For this exercise, copy out each line of the material below that includes "full".

□ □ □ □ □ □ □

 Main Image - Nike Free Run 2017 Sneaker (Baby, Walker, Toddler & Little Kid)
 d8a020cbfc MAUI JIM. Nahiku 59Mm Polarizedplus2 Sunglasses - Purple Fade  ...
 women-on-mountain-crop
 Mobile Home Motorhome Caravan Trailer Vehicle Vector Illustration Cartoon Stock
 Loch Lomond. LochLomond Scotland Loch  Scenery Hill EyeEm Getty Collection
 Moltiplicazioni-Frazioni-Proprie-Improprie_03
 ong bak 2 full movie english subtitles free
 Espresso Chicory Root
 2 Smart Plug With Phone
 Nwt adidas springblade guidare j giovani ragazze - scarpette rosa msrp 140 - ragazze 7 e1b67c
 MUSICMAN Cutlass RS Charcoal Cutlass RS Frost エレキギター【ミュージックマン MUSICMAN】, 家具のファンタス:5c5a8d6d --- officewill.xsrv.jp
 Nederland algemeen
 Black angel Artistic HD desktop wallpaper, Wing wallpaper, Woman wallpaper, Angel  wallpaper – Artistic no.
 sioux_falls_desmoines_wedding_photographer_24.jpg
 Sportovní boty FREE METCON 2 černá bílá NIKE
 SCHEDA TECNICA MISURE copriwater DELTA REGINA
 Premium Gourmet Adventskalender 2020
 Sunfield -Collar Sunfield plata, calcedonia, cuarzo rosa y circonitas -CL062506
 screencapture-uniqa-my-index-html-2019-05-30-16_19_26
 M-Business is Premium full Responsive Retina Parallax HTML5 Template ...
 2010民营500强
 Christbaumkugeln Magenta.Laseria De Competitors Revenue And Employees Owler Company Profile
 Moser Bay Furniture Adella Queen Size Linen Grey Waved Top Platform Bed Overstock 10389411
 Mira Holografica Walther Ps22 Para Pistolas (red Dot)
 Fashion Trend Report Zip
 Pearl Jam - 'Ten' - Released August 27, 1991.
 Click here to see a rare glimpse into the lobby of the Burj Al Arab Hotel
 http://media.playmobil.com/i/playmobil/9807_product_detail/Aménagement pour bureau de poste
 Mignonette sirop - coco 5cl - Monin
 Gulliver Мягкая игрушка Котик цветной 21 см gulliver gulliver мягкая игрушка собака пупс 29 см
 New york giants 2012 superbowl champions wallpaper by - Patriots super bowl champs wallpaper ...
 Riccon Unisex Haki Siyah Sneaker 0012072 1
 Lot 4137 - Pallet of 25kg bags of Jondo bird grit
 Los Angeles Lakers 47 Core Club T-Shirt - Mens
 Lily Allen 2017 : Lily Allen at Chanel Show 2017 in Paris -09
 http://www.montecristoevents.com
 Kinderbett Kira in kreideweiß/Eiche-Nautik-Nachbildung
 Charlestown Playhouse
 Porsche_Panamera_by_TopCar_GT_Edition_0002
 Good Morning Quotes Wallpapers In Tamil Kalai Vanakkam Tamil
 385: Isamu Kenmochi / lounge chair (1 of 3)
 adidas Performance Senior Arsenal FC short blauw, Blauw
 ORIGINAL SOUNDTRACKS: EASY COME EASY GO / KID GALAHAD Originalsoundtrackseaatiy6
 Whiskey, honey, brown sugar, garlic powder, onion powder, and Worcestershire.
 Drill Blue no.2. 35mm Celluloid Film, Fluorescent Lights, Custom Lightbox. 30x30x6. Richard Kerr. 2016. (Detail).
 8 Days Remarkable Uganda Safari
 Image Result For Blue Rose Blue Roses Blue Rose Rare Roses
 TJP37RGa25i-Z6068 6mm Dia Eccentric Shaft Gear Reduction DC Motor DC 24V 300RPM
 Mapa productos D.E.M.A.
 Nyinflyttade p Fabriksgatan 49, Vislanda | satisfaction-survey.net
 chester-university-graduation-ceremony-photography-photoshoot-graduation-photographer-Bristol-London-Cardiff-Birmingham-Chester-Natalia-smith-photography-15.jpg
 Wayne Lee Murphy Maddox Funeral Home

□ □ □ □ □ □ □

OUTPUT OF THE EXERCISE:
 ong bak 2 full movie english subtitles free
 M-Business is Premium full Responsive Retina Parallax HTML5 Template ...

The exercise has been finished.